I shouldn't be here. I shouldn't be in Lo's apartment.

I hated calling it his apartment, because it had been ours at some point. I had lived here just as much as he had. But it didn't feel right, calling it my apartment too, because all I could think about was that I shouldn't be here.

I will stay away from Lo.

I will not see Lo.

And now I was breaking those two rules and my hands were shaky because of it. I hated breaking these rules because my therapist always found out somehow.

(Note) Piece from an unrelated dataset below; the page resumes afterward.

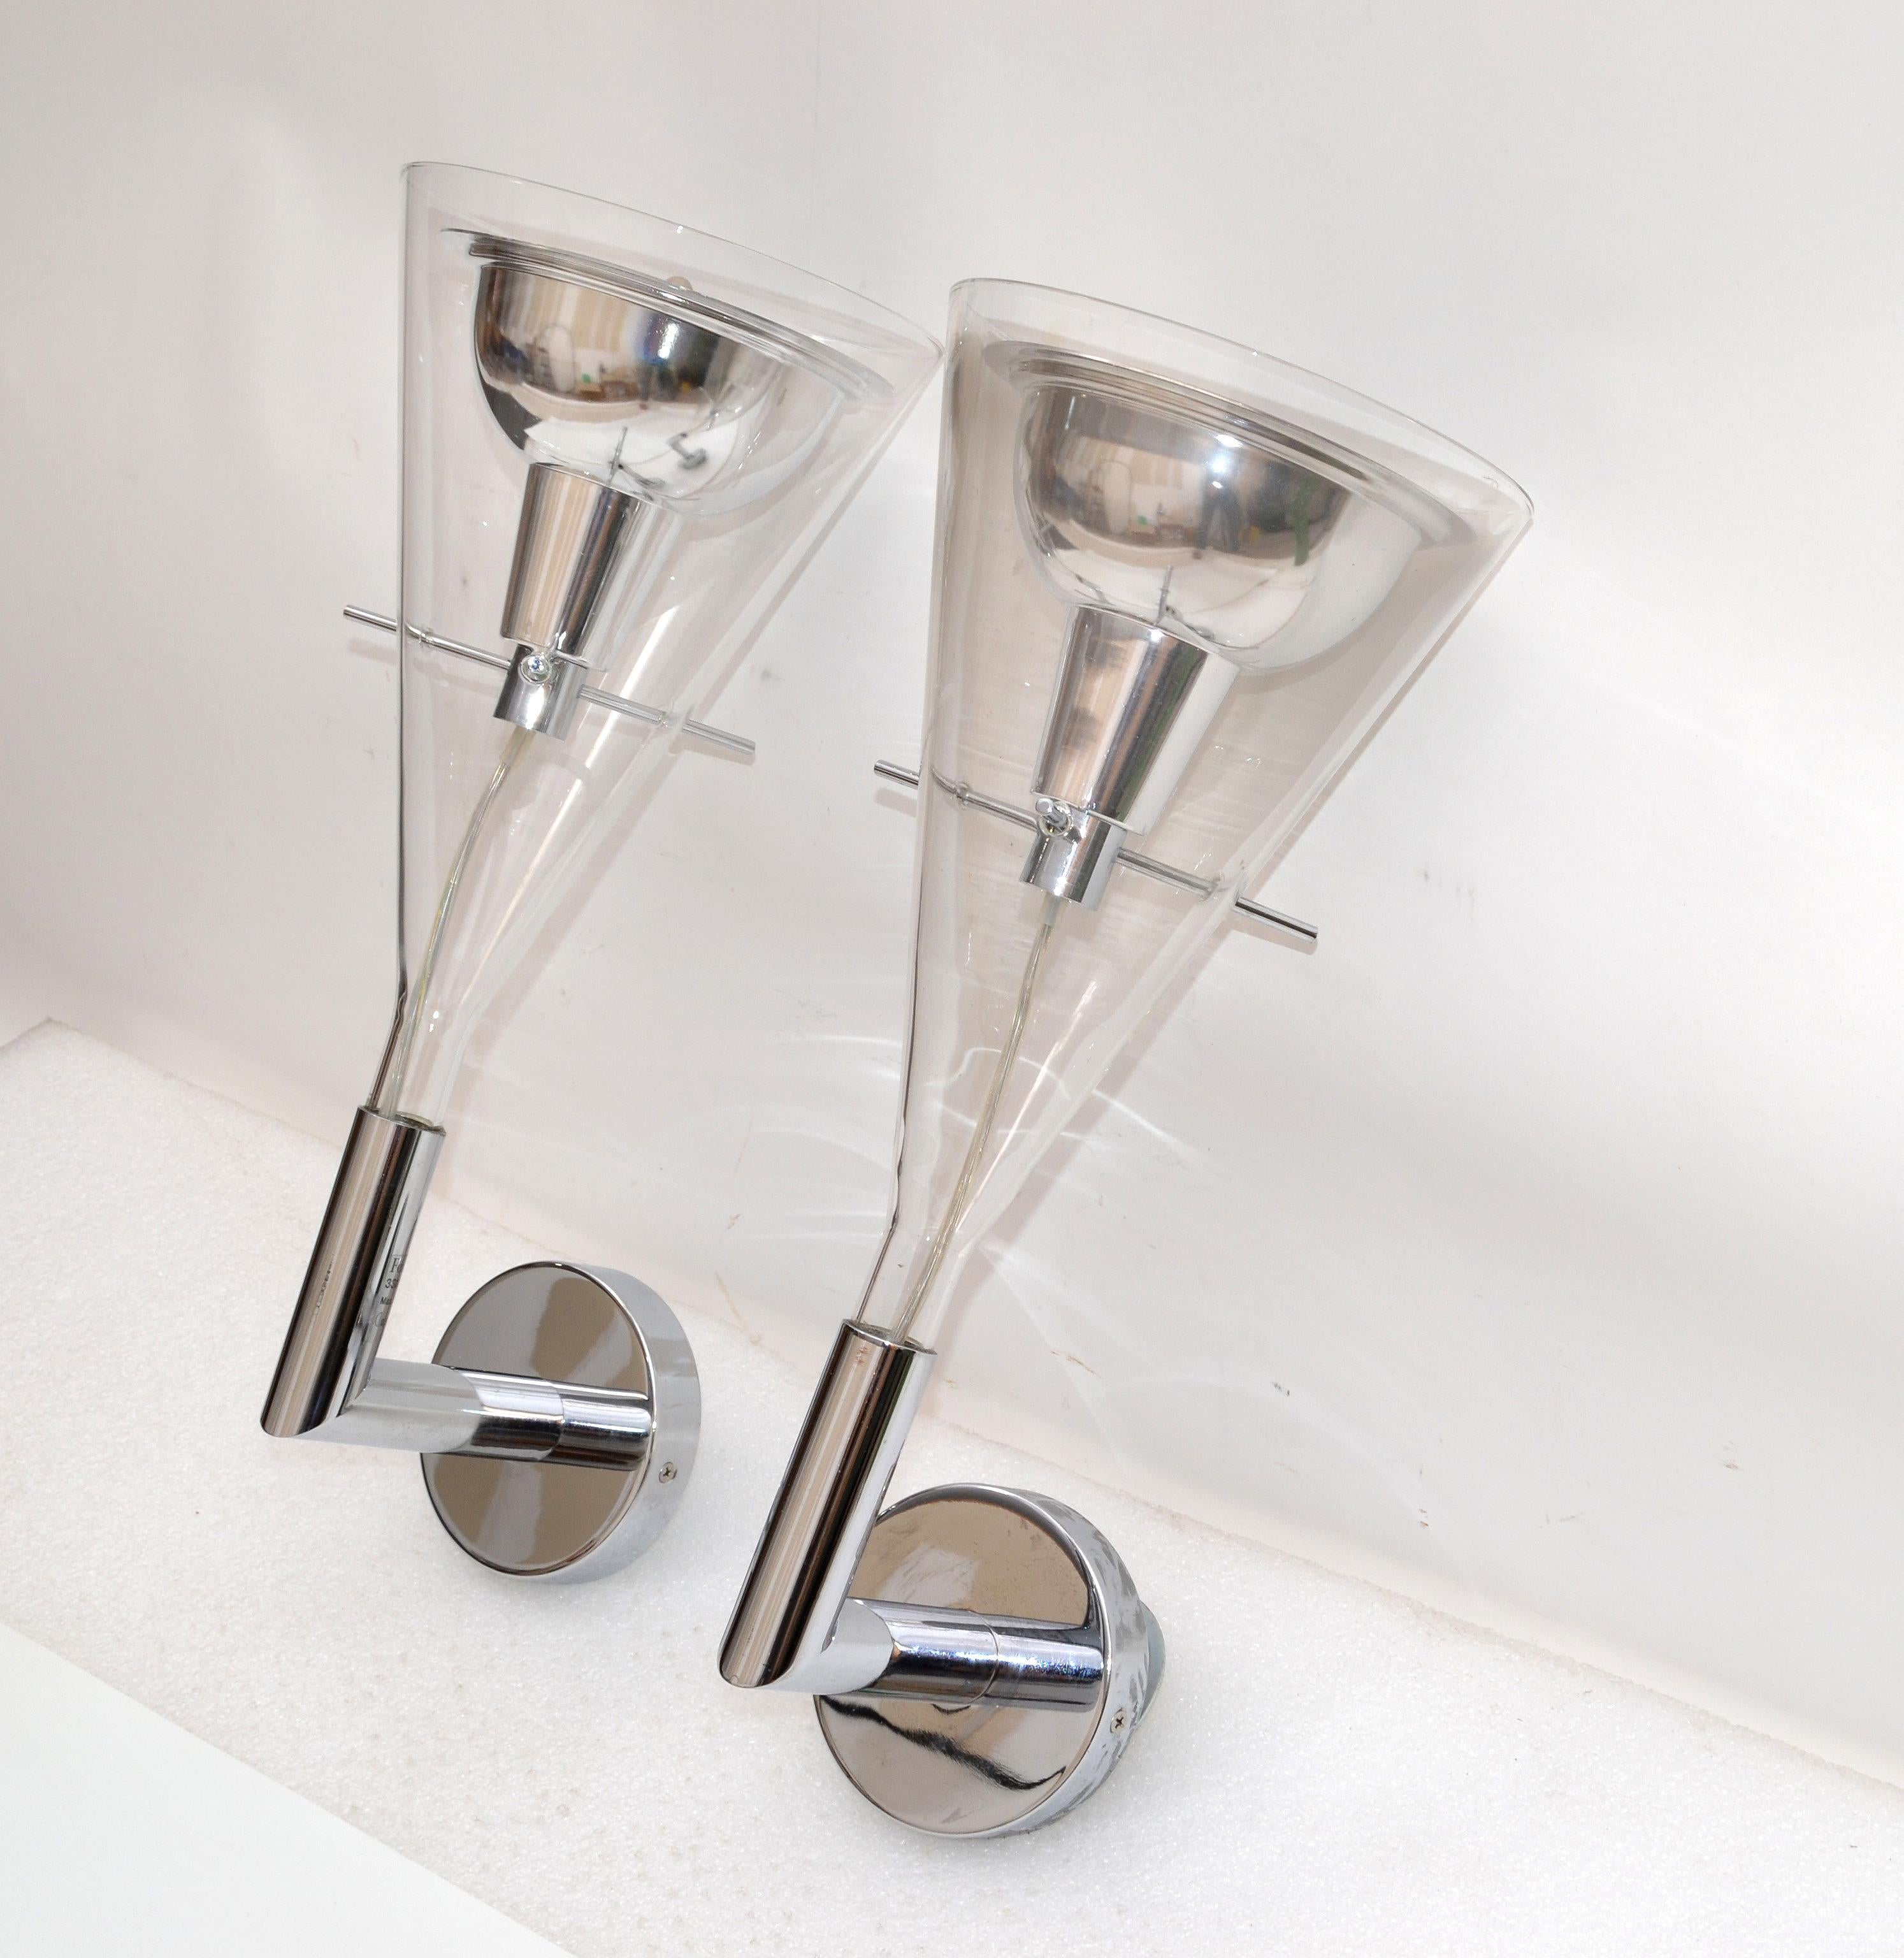 Pair Fontana Arte Flute Glass & Chrome Wall Sconces by Arredo Naskaloris Italy In Good Condition For Sale In Miami, FL

And then it always hurt more.

We were repeating all these sentences every single session for a very long time. And I went to therapy several times a week, so the sentences were floating in my head constantly.

We were here because Lo had invited everyone. He was having a little barbecue and Connor had said that he'd go. He hadn't made me go, but I had felt like I needed to.

Maybe that was another excuse to see Lo. My therapist was probably going to see it as one.

But Warren, Sebastian, Emma, Connor and Lo were here. It's not like I was alone with him. I wasn't going to be alone with him.

I told myself that all evening, but even being in the same room as him was too much. All I wanted was to go over and touch him. Sit with him. Talk to him.

But I couldn't.

All those sentences were swarming in my head, stopping me. Any time I wanted to talk to him, the sentence came to my mind and I backed away again.

He tried to talk to me all evening. He tried to come closer, and any time I just backed towards Connor and pretended that I was busy.

And now I was standing in the stupid kitchen alone, and of course he came in. He leaned against the counter a few feet away, this dark and untouchable look on his face.

"Do you hate me?" He asked, voice rough and broken.

I could see it in his eyes also. I could see how broken he was and how much he hated this thing between us.

But he was better now, and the only way I could get better was if I stayed away from him. And we'd said that we would both get better.

The sentences were drilling in my head, but I couldn't do it. I couldn't even pretend to hate him. And I could even less say it out loud to him. Not when he was looking at me like this.

"No," I brought out, looking away from his eyes.

If I looked into them a little longer, I was going to give in. I was going to forget about everything else.

He took a step towards me and I knew I needed to back off, but I couldn't. My legs wouldn't move.

"Then why are you doing this to me, Mads?" He whispered, sounding like he was in physical pain.

"I'm sorry," I somehow choked out, feeling so guilty.

I had never wanted him to be hurt because of me. That had never been my plan.

He ran his fingertips on my shoulder and I couldn't get myself to move away from him. Not a single muscle in my body was responding to the sentences in my head.

"I can't fucking stand it," he said so quietly, "You're breaking my heart, baby. I need you so badly and you're just pulling away from me more every single day. And the worst is that I don't even know what I did wrong"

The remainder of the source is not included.